The explicit two-step form (with_sqlite then db |> migrate_to_latest()) stays available for tools / CI that want to inspect state before migrating.

Cost on a fully-up-to-date DB is a few cheap reads — CREATE TABLE IF NOT EXISTS is a no-op on the existing audit table, plus a COUNT(*) adoption probe and a MAX(version) lookup. Microseconds total. Safe to call every startup.

7.9.44.3. Inspection: pure reads, no side effects

Three functions answer “what’s the migration state?” without running anything:

db |> current_schema_version()    // int (0 if no audit table yet)
db |> pending_migrations()        // array<PendingMigration>
db |> migration_history()         // array<MigrationRecord>

All three never create the audit table, never write a row, never run a migration. Safe to call from mytool db status against a brand-new DB. Result-bound try_* siblings exist for tools that want explicit error handling.

Description sourcing differs by call:

  • pending_migrations reads from the annotation (current code; reflects what will be).

  • migration_history reads from the audit row (frozen at apply-time; reflects what was).

So editing a description on an already-shipped migration is a no-op for any DB that’s already past it — the audit row keeps the old text. Fresh installs pick up the new text on first apply.

7.9.44.4. Typed ALTER: when daslang has enough info to validate

Migrations 2 and 3 above use the typed surface in daslib/sqlite_boost:

db |> add_column(type<T>, "Field" [, defaultLit])
db |> create_index(type<T>, "Field" | ("A","B") [, "name"])
db |> create_unique_index(type<T>, ... same shape ...)
db |> drop_index_if_exists("name")

Field selectors are string literals, not .Field syntax: gen2’s parser only accepts .Field inside an _sql {...} block. Plain call sites pass explicit string field names — the same convention [sql_index(fields="A")] already uses.

What the typed forms buy you:

  1. Compile-time field-name checks. add_column(type<T>, "Emial") fails at compile time, not on the user’s DB at startup.

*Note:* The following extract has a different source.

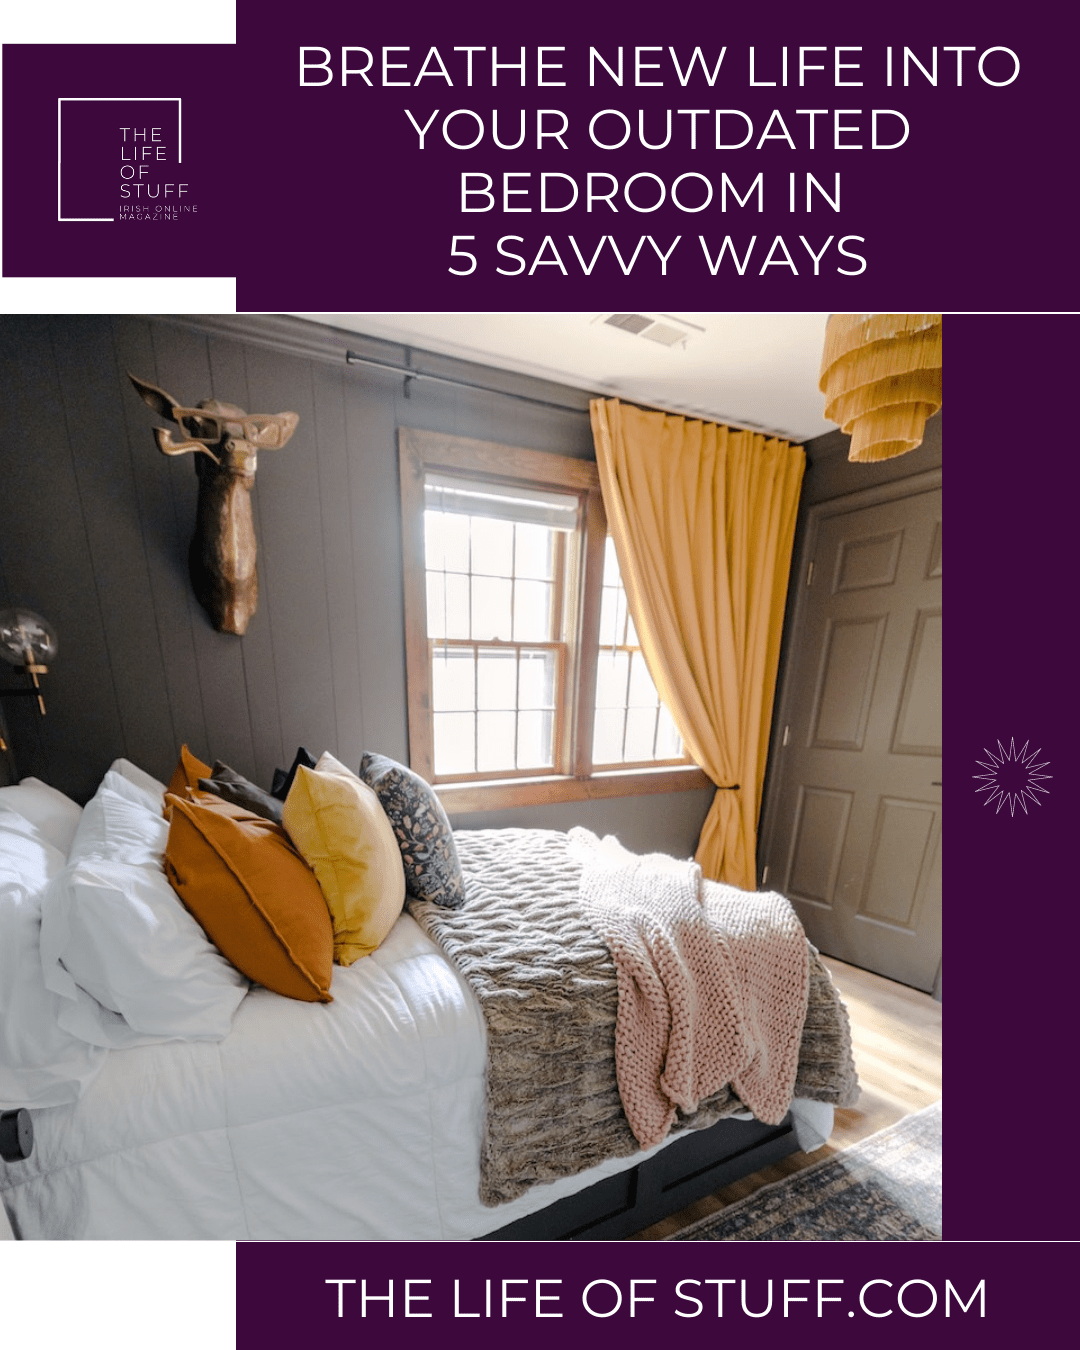 Breathe New Life Into Your Outdated Bedroom in 5 Savvy Ways - The Life of Stuff

  2. Type-derived NOT NULL. Forgetting NOT NULL + DEFAULT used to mean existing rows panic on the next read after the migration. The macro derives nullability from Option<> wrapping and refuses to ADD a non-nullable column without a literal default.

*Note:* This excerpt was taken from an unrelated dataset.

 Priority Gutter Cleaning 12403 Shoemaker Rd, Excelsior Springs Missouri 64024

  3. Annotation reuse. @sql_column rename + @sql_json / @sql_blob storage are honored automatically — same conventions as [sql_table] / [sql_index], no double-bookkeeping.

A second migration that adds an index and a unique composite, with an idempotent rebuild pattern via drop_index_if_exists:

[sql_migration(version = 4, description = "index Email")]
def migration_004(db : SqlRunner) {
    db |> create_index(type<User>, "Email")
}

[sql_migration(version = 5, description = "unique (Email, Name)")]
def migration_005(db : SqlRunner) {
    db |> drop_index_if_exists("ux_email_name")
    db |> create_unique_index(type<User>, ("Email", "Name"), "ux_email_name")
}

What stays on raw db |> exec(...):

  • DROP COLUMN / RENAME COLUMN — old names aren’t in the current struct, so daslang has nothing to validate against.

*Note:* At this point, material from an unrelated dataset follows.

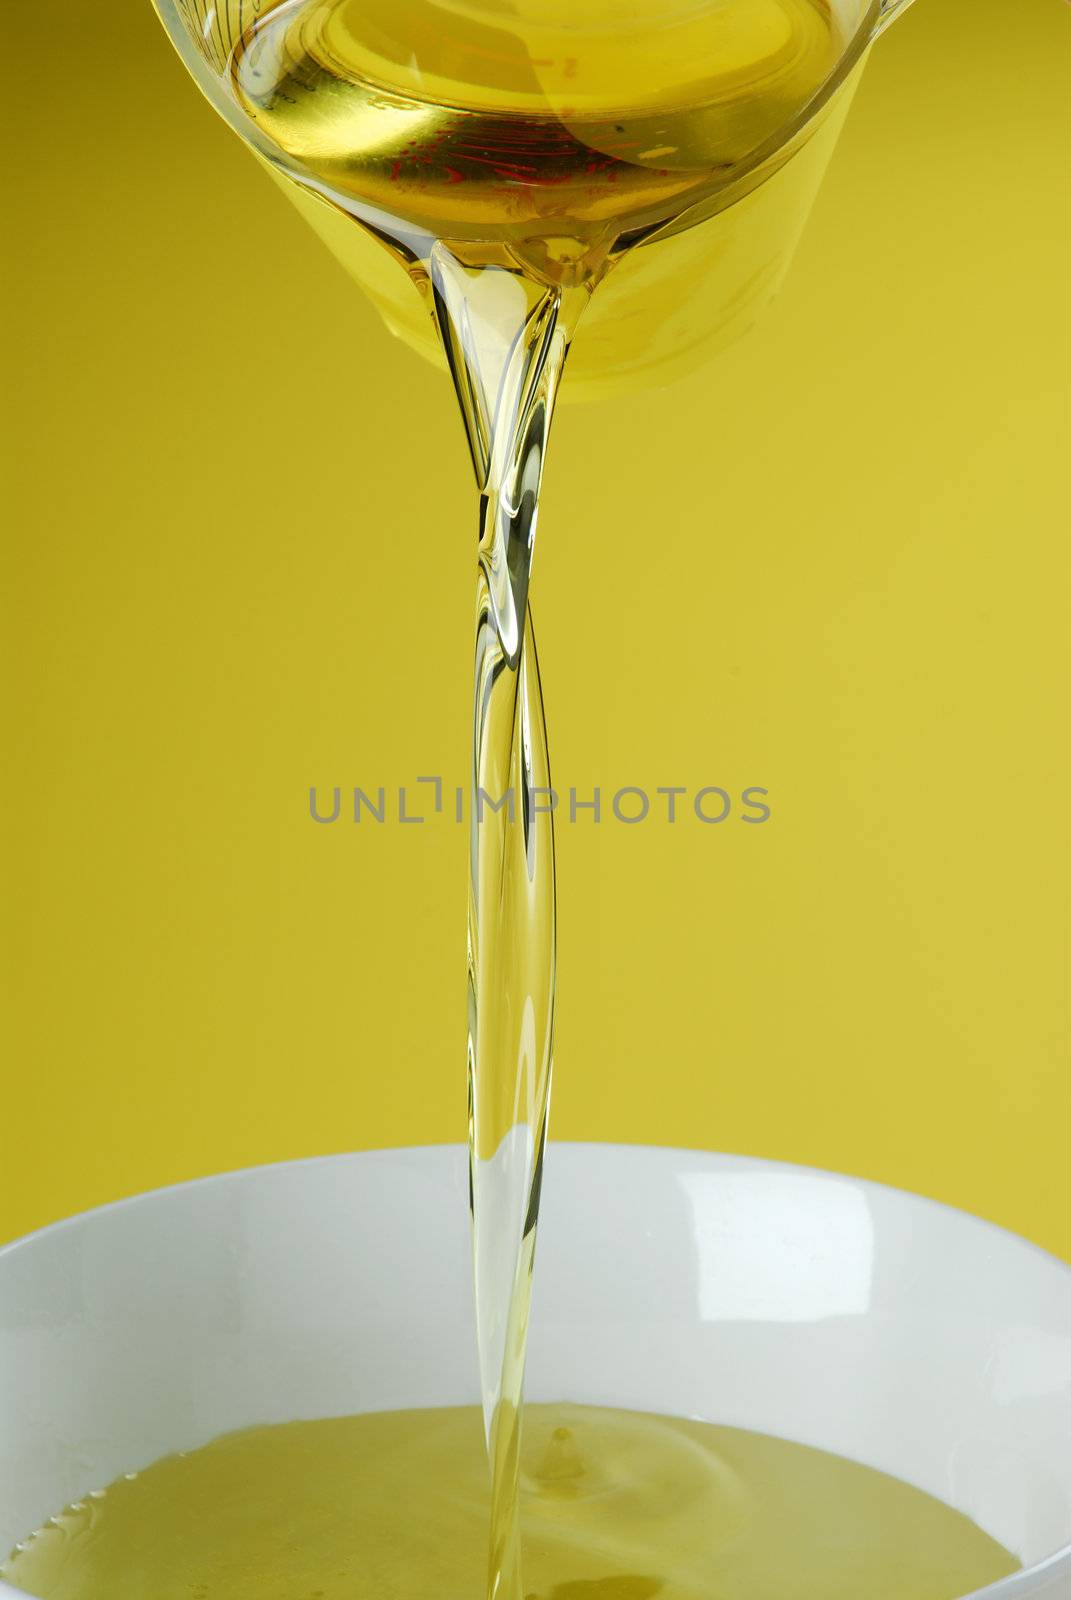 Pouring oil or golden liquid on yellow background

  • PK / UNIQUE inline / generated columns added post-hoc — SQLite can’t ALTER these in place; the rebuild path below handles them.

  • CHECK constraints, FK ADD/DROP, column type changes.

  • Anything ad-hoc that doesn’t map to a struct field.

7.9.44.5. Schema rebuild via struct_convert

SQLite’s ALTER vocabulary handles ADD COLUMN, RENAME COLUMN, RENAME TABLE, and DROP COLUMN cleanly. Everything else — PK changes, type narrowing, FK alterations, CHECK changes — needs a rebuild: build a new table with the desired shape, copy the rows through a converter, drop the old, rename. SQLite docs call this the “12-step recipe”; daslang collapses it to three lines of user code.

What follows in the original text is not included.